Featured Presentation (2019) | IAFOR Documentary Photography Award & Panel
Heather Croall
Adelaide Fringe Festival, Australia

Biography

Heather Croall is an experienced CEO and director known as a visionary in the creative sector who delivers innovative festival programs, new audiences and organisational growth.

She has specific expertise in partner engagement and capital acquisition. With an international career in film, TV and the arts, Heather has a strong track record in implementing organisational change and capacity building. She has transitioned a number of creative sector organisations into the digital age.

Heather has a reputation for generating new income streams and delivering excellent management of stakeholder relations. Under her leadership, every festival she has run has seen an increase in turnover, been met with high critical acclaim, delivered growth in ticket sales and expanded audience demographic.

She became Director and CEO of the Adelaide Fringe – the Southern Hemisphere’s largest annual arts festival and the second-largest Fringe in the world after Edinburgh – ahead of the 2016 festival, and since then has overseen a digital transformation including new ticketing and artist registration systems.

Over the past three festivals under Heather’s leadership, Adelaide Fringe’s ticket sales have grown by 16 percent (from 604,000 in 2016 to 705,761 in 2018) and box office revenue has increased by 11 per cent (from $14.8 million to $16.6 million).
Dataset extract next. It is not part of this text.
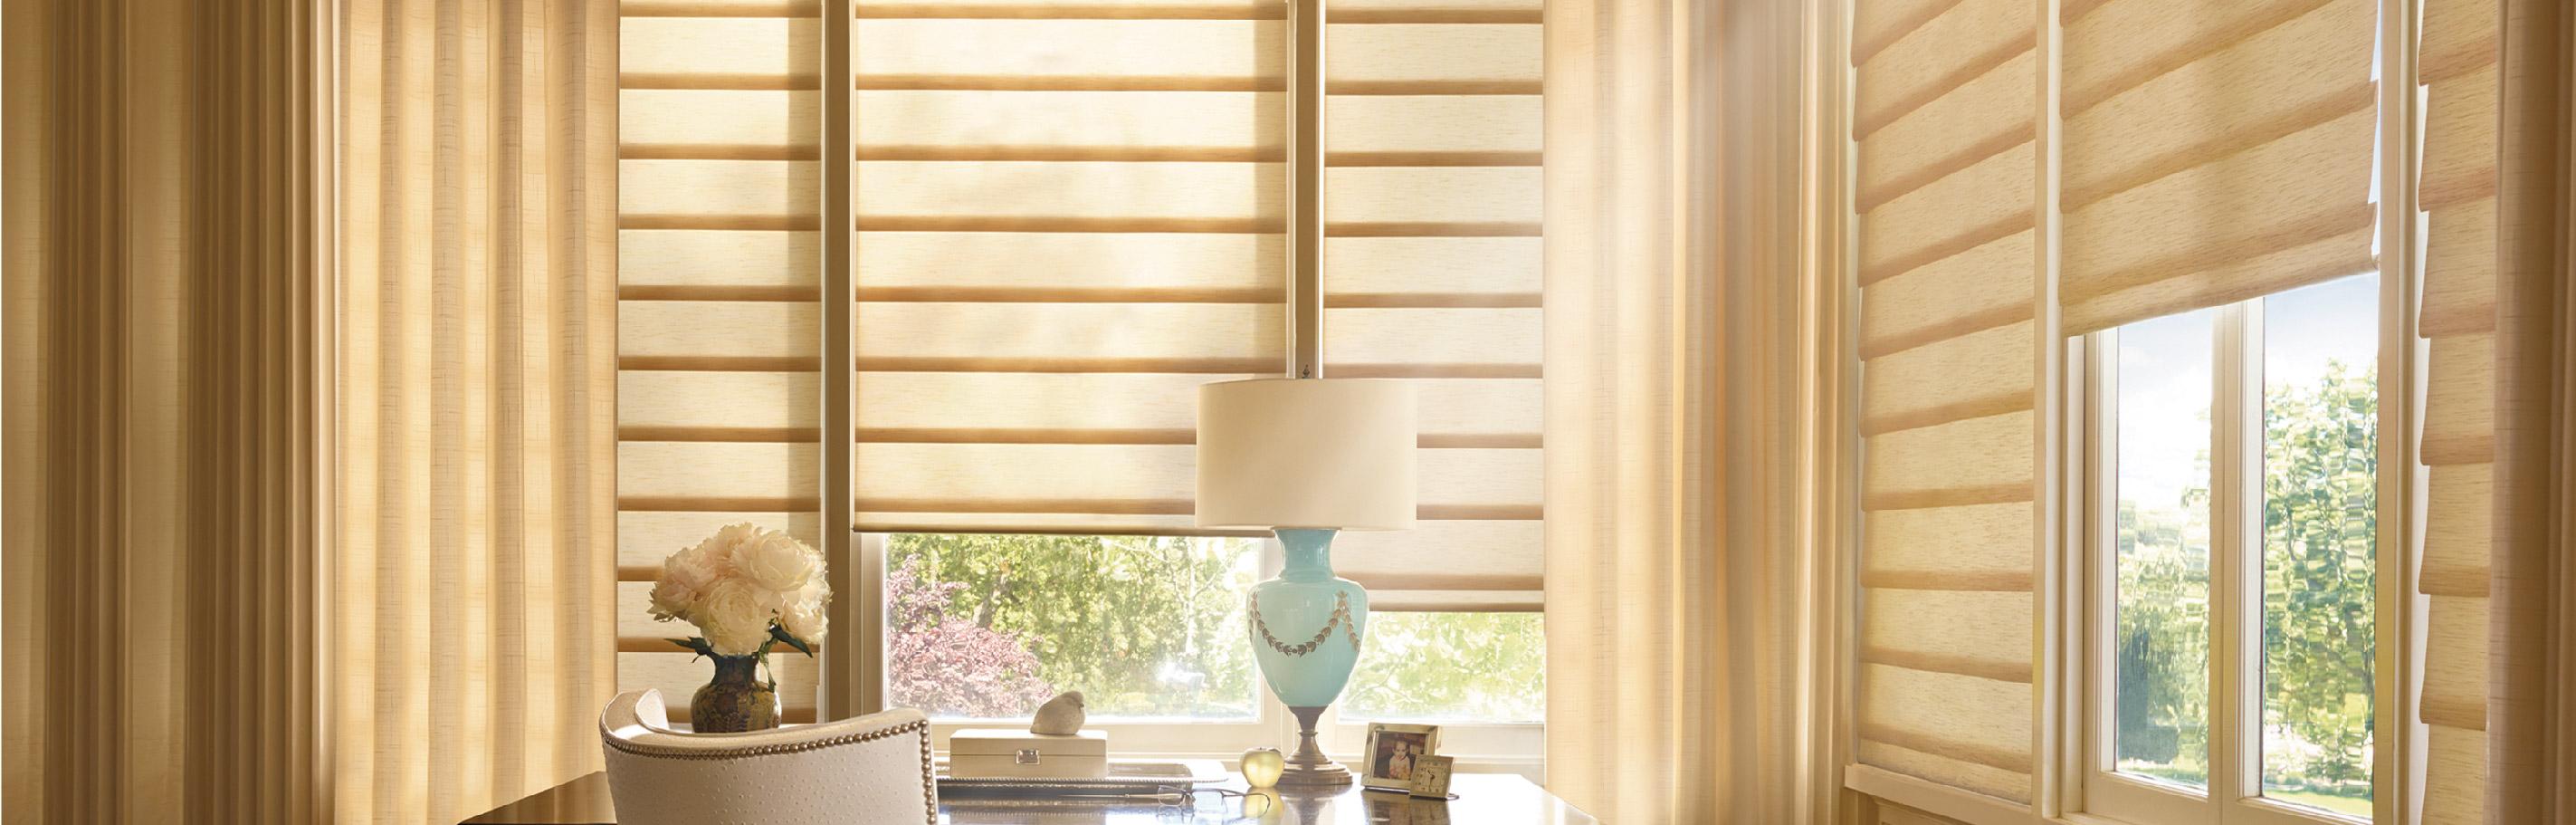 ideas x shades regarding modern size blinds contemporary treatments best window on

After the 2016 festival, Heather set a target of tripling visitor numbers to the Adelaide Fringe by 2022 and she is on her way to achieving this with last year’s Fringe attracting 20,244 visitors – up from 18,655 in 2017.
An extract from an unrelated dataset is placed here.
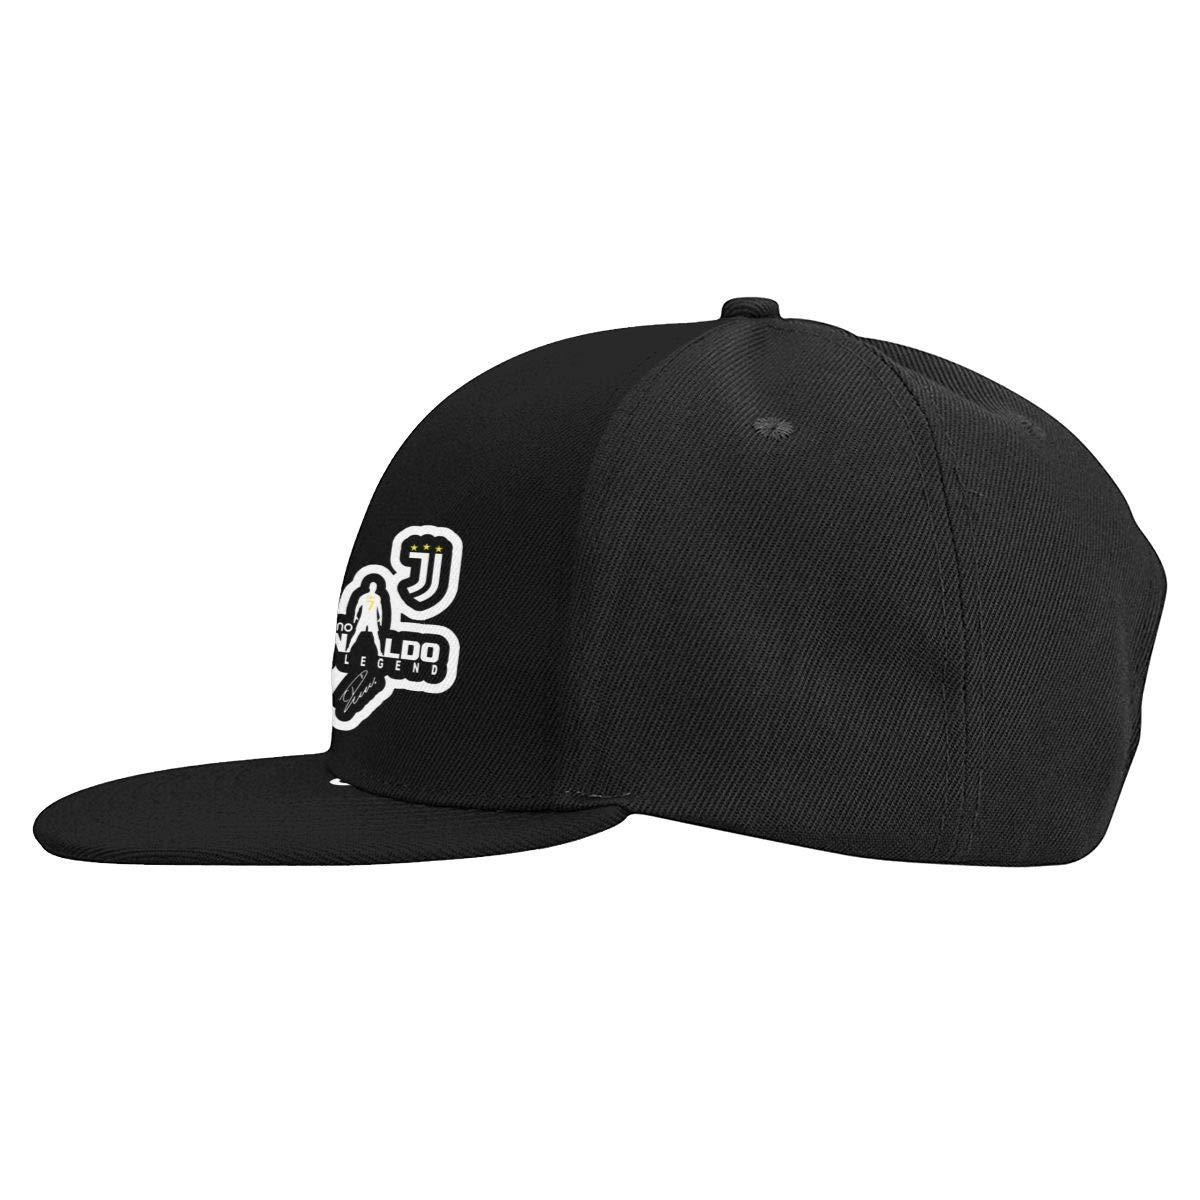 DeniCar Unisex Adjustable Baseball Caps Cristiano-Ronaldo-The Legend Skull Cap

Heather was awarded a Fellowship in Interactive Media by Screen Australia in 2005. In 2013, The Alliance of Women Film Journalists named Heather Ambassador of Women’s Film for her work in creating opportunities for women documentary makers.

Heather was awarded an Honorary Doctorate Degree by Sheffield Hallam University, UK, in 2014, and just last year she received the Ambassador Award from the Governor’s Aboriginal Employment Industry Clusters Program in recognition of her contribution setting up and serving as the inaugural Chair of the Arts and Culture Cluster.

Featured Presentation (2019) | Running a Fringe Festival: The Adelaide Experience
Bradley J. Hamm
Medill School of Journalism, Northwestern University, USA

Biography

Bradley J. Hamm is a full professor at the Medill School of Journalism, Media, Integrated Marketing Communications at Northwestern University, USA, serving as the dean from 2012 to 2018, where he oversaw Medill's programs in Chicago, Washington, DC, and San Francisco in addition to its home campus in Evanston. Previously, he was Dean of the Indiana University School of Journalism in Bloomington and Indianapolis, USA.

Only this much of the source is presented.